» **Activity**:
The required output is the lines below from the line containing "Elizabeth's parents on" to the line containing "Sheer XL Adhesive", inclusive, retyped exactly. No other lines belong in it.

» **Source material**:
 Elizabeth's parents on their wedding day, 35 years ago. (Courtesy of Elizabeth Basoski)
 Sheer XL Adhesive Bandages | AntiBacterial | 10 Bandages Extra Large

==

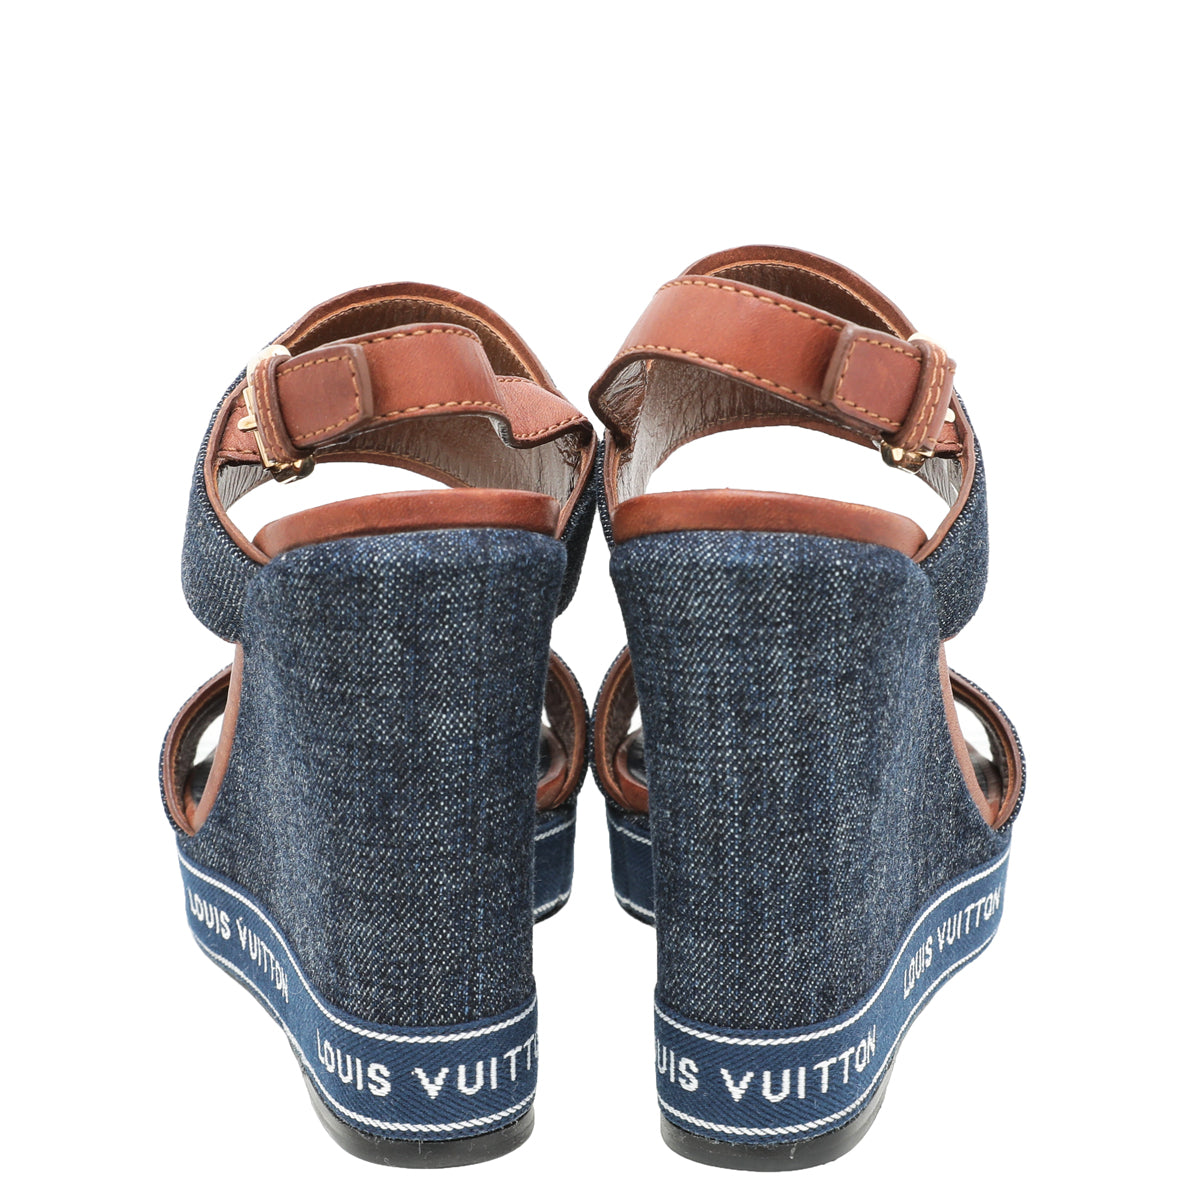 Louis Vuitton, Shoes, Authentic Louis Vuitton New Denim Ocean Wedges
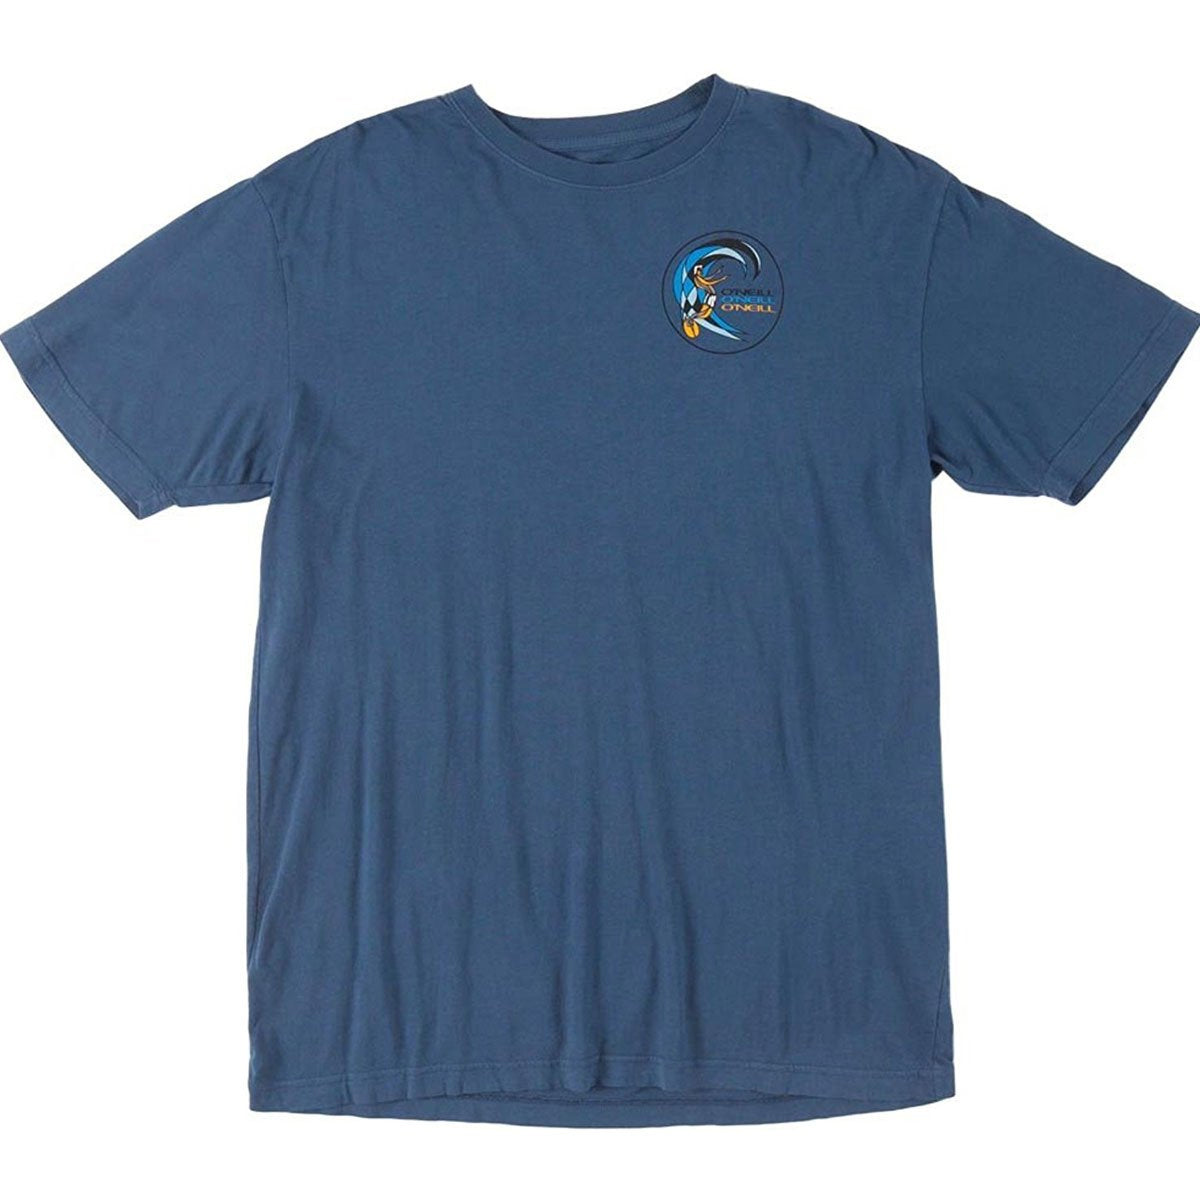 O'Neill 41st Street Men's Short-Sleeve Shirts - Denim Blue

» **Result for this task**:
 Elizabeth's parents on their wedding day, 35 years ago. (Courtesy of Elizabeth Basoski)
 Sheer XL Adhesive Bandages | AntiBacterial | 10 Bandages Extra Large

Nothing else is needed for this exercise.